In January 1989, after-Mass parish meetings were held to check on support and to air concerns of such a project. These meetings were well attended and fruitful. By March 1989, a parish committee and been appointed and talks with Bishop McAuliffe provided the enthusiastic and financial support of the Diocese of Jefferson City. In May 1989, parishioner Gus Vandecnocke was asked to draw some building plans using the ideas gathered at the parish meetings. These were presented to the Parish Council in January 1990. The Council recommended that the plans be distributed and bids collected. In May of the same year, Bishop McAuliffe came to St. Joseph's for Confirmation, giving parishioners the opportunity to speak with him personally about the needs of the parish.
Bishop McAuliffe was presented with copies of the building plans in September 1990. At the same time, the parish petitioned his help in obtaining a grant from the Catholic Church Extension Society. The response was slow, and an interim pledge drive was less that enthusiastic, but on October 15, 1991, the grant was approved. A pledge drive was again pursued, and many more positive responses were received. It was clear that the new parish building would become a reality.

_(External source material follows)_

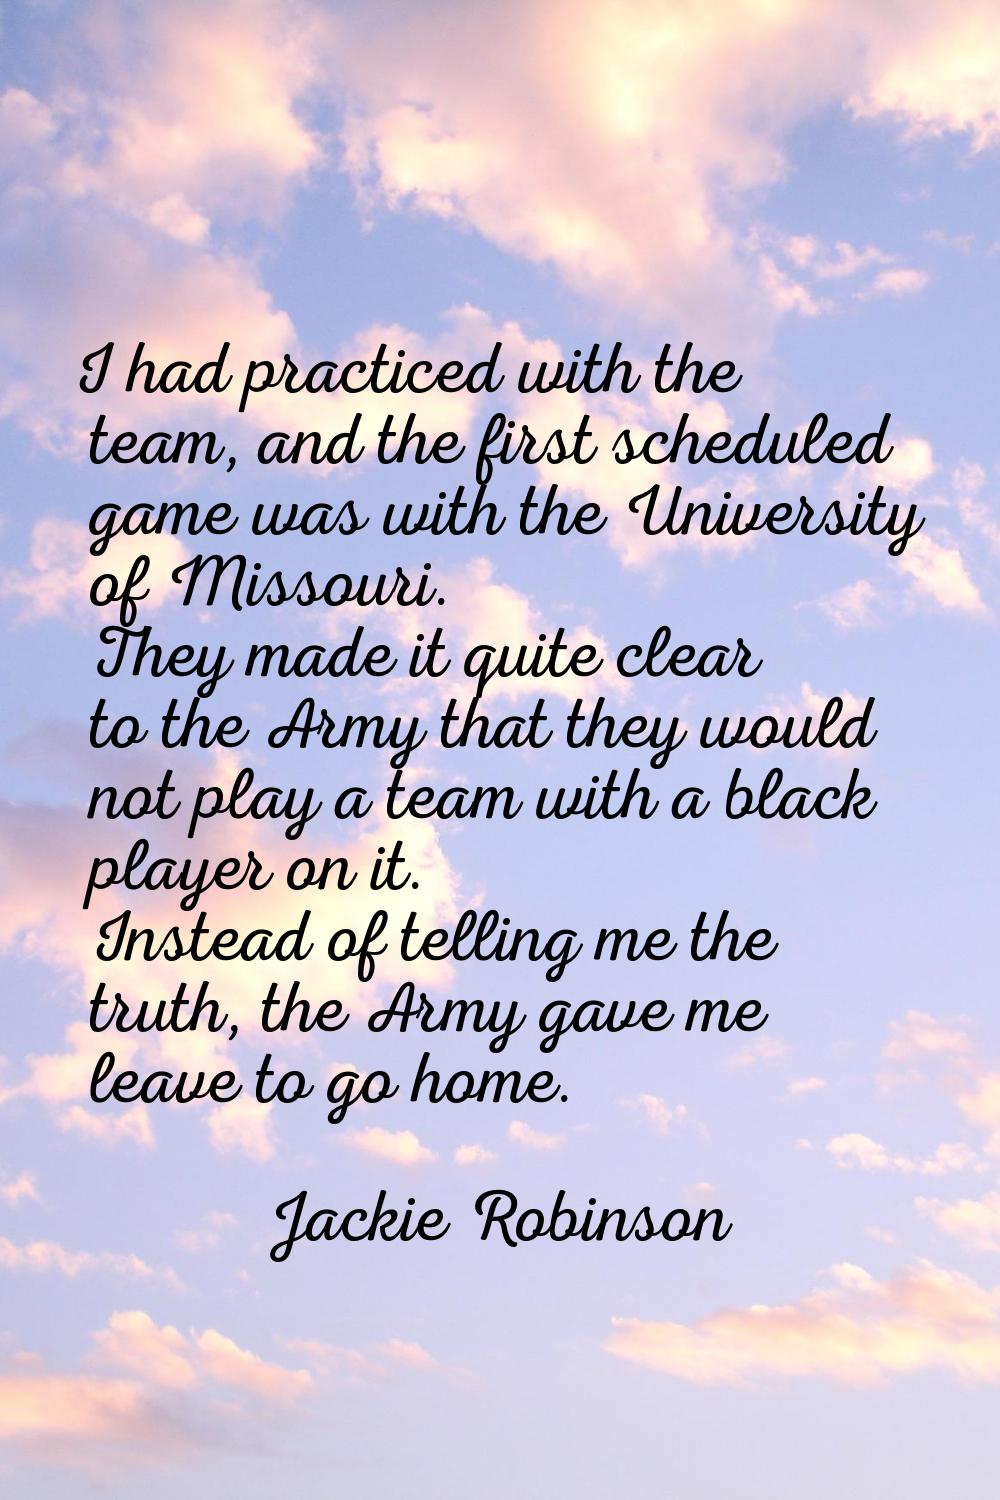 I had practiced with the team, and the first scheduled game was with the University of Missouri. Th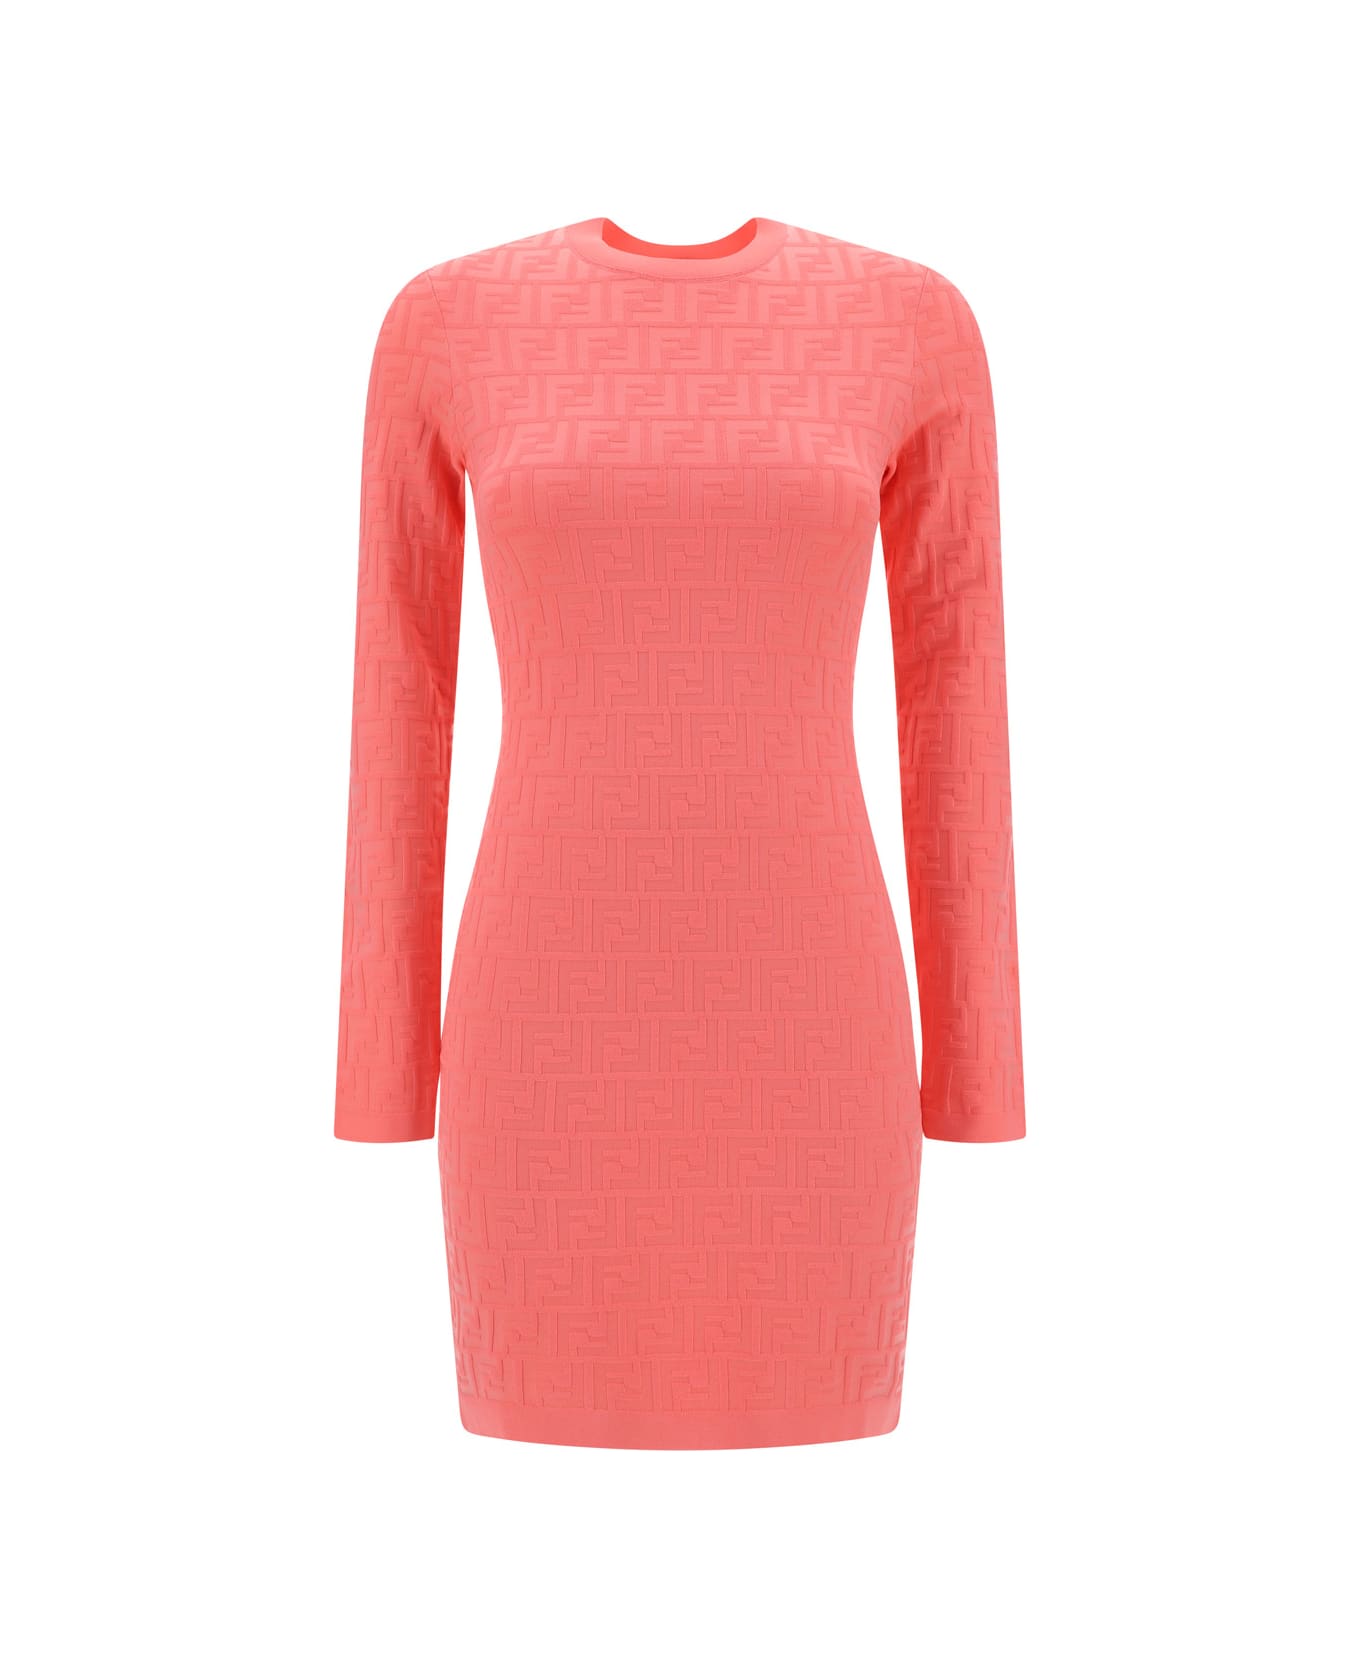 Fendi Fitted Crew-neck Dress - Kissed

Delays drew things down, and it was June 1992 before the contract was drawn up and the final diocesan approvals were attained. Under the requirements of the Extension Grant, the building would have to be under roof by October 15, 1993. Work began on July 28, 1992, a brick building measuring 60' by 100' with eight divided classrooms, a kitchen, restrooms, and storage areas was finally on its was. In March 1993, the annual pancake/sausage breakfast was held in the newly constructed parish hall.
In July 1996, St. Joseph's once again had a resident priest, Fr. Richard Colbert, C.PP.S. Through the residencies of Fr. Colbert, Fr. Mark Smith and Fr. Don Wallace, St. Joseph continued to thrive and grow as a parish. In the Fall of 2002, Fr. Wallace and the Parish Council decided to improve the worship area of the main church with new windows. With the dual purpose of replacing the current inefficient windows and beautifying the church structure, a committee was formed to pursue a stained glass window project.